For sure, this is a tough way to try to make a quick buck. Tech start-ups are inherently risky, particularly when fewer sophisticated investors start getting involved with very limited financial data on the companies. Weber says the key is creating a diversified portfolio of mature businesses (annual revenue of $50 million to $100 million) that in earlier days would have been perfectly suited for the stock market.
“The general public is missing out on it,” said Weber, who’s based in Menlo Park, California. “Public investors today are only getting access to companies that are already maximized in terms of enterprise value.”

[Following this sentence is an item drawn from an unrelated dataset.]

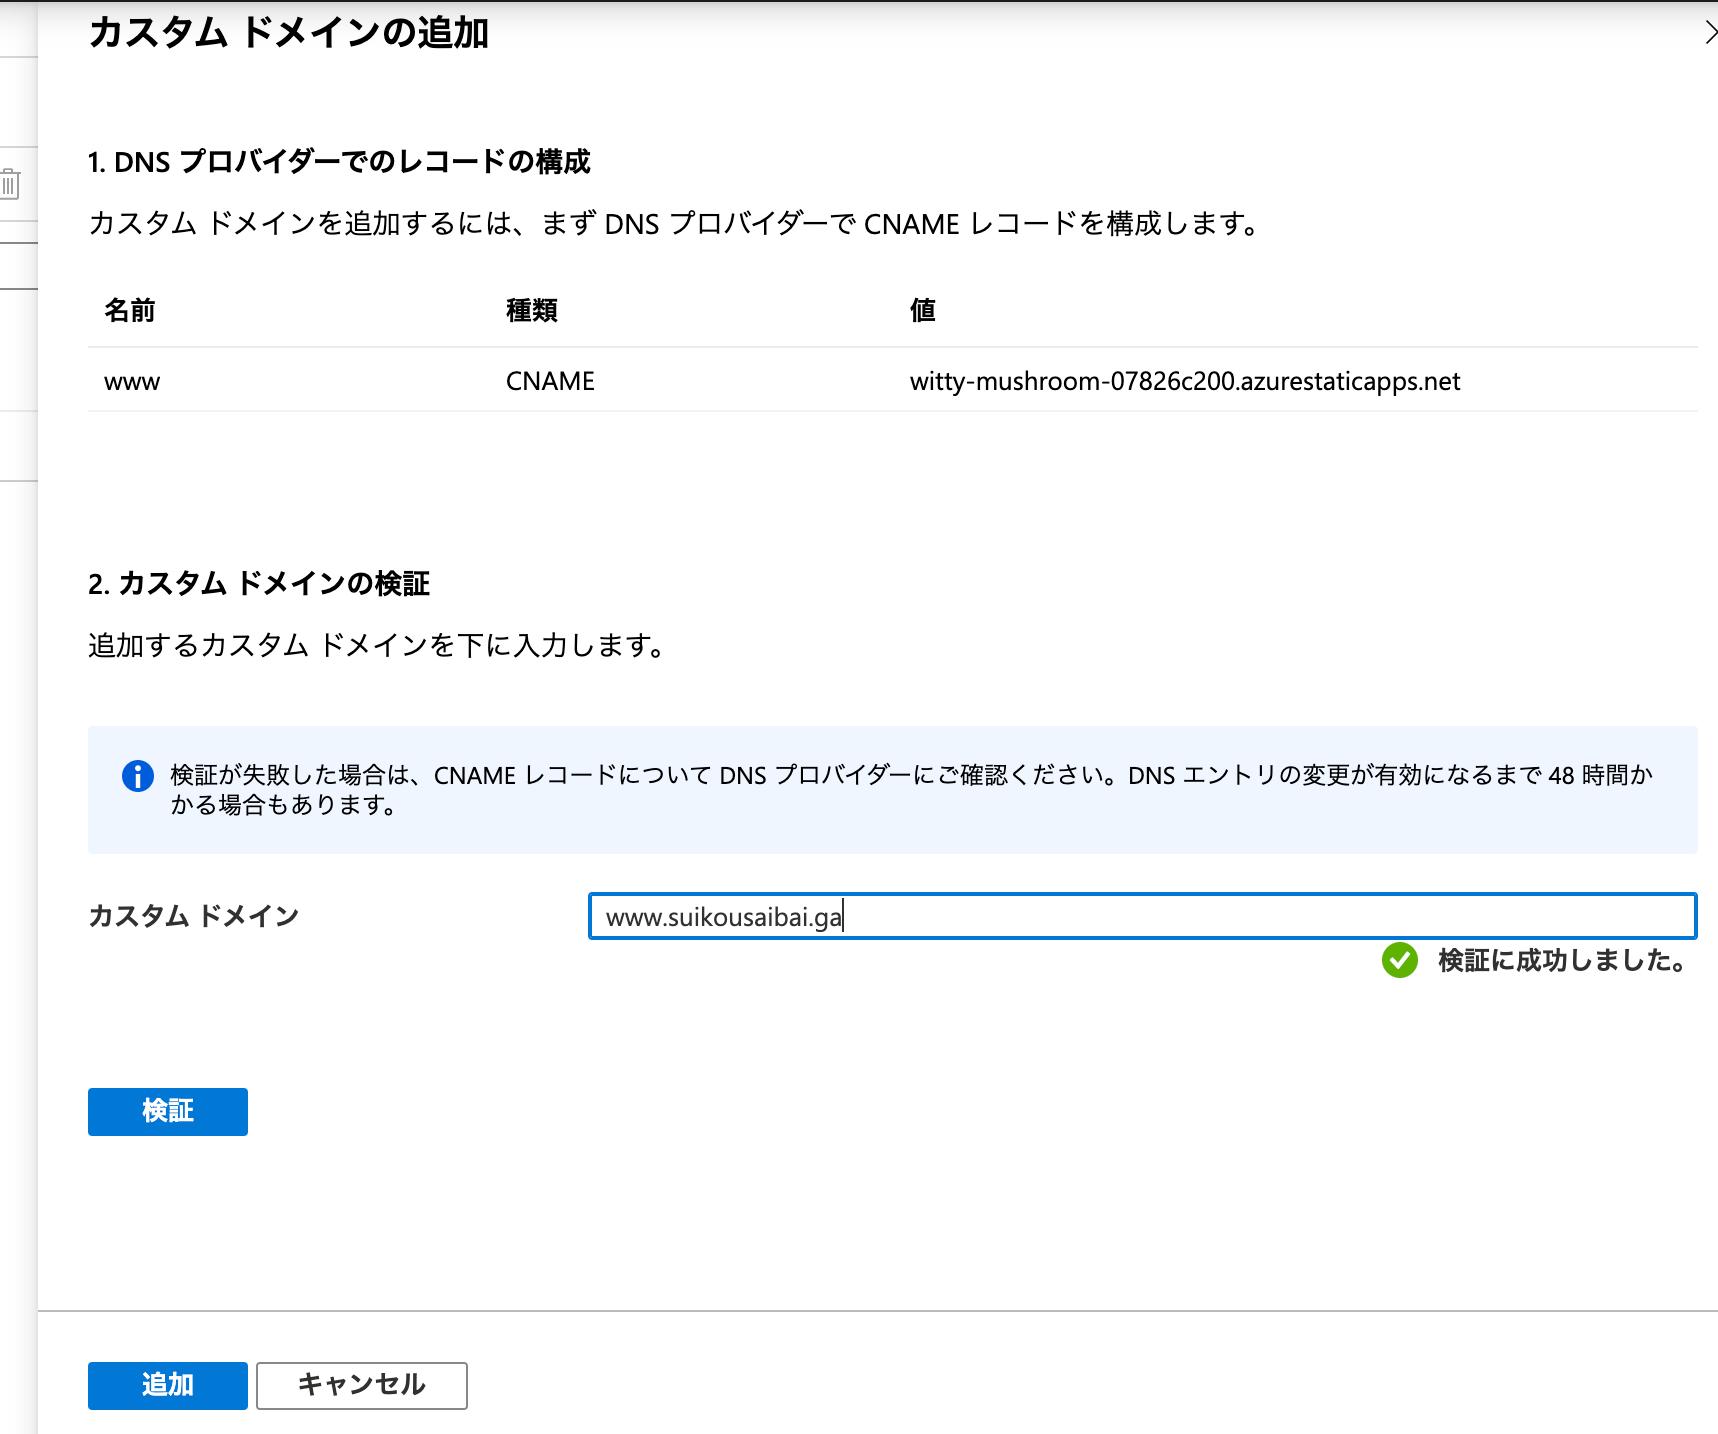 スクリーンショット 2020-05-25 23.48.39.png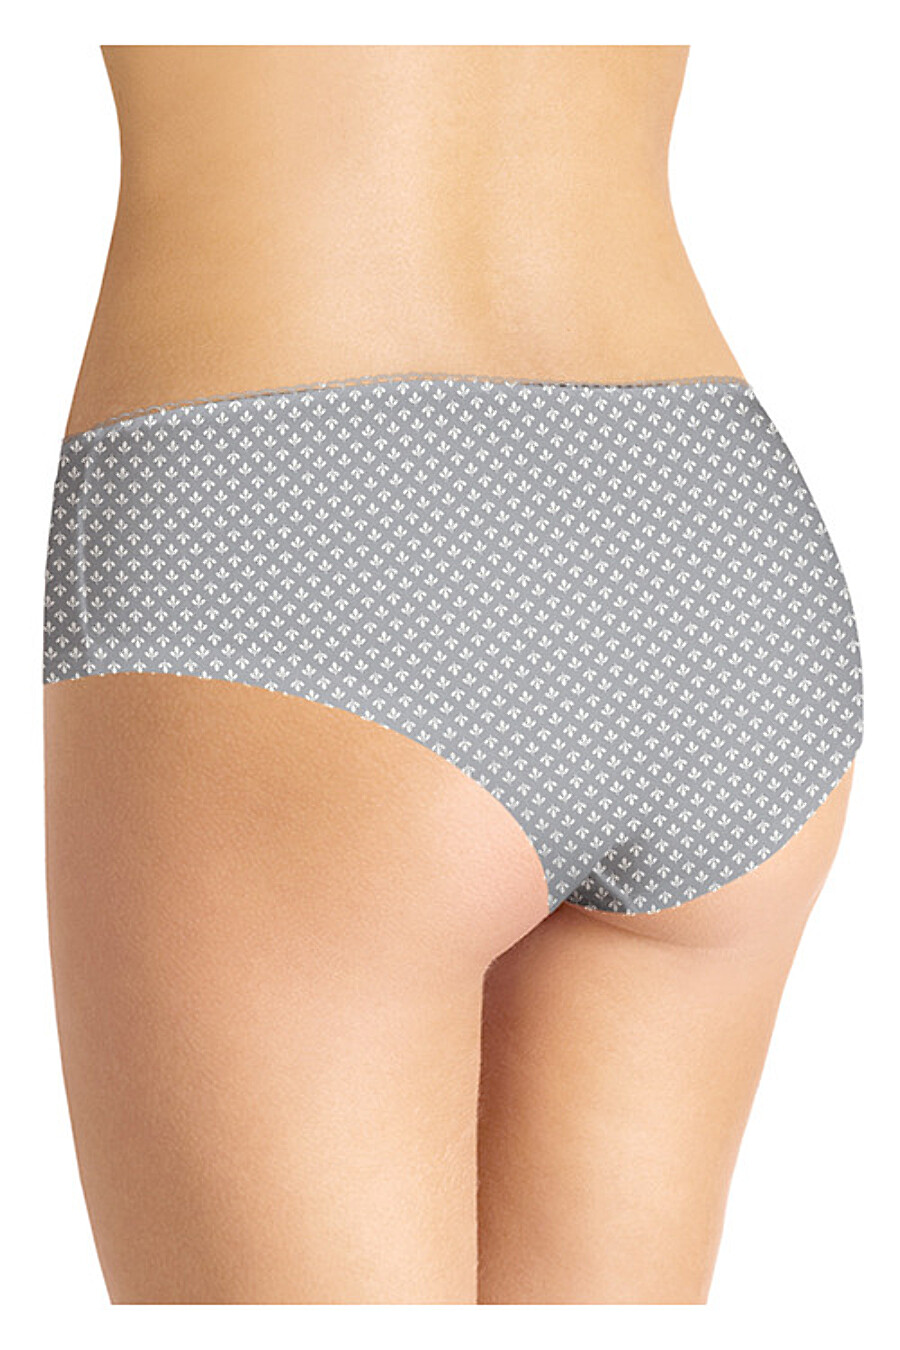 Трусы для женщин CLEVER 155081 купить оптом от производителя. Совместная покупка женской одежды в OptMoyo

To create the Sharespost 100, Weber established a fund with 25 million shares available to be sold. The starting share price was $20, and that fluctuates based on the value of the underlying assets. So when a company in the fund raises money at an increased valuation, the price goes up.
This too is fuzzy, as valuation information is often not publicly available. The real returns come at the time of an acquisition or following an initial public offering. As of Friday, each share was worth $25.20. SharesPost makes money by charging a 1.9 percent of advisory fee.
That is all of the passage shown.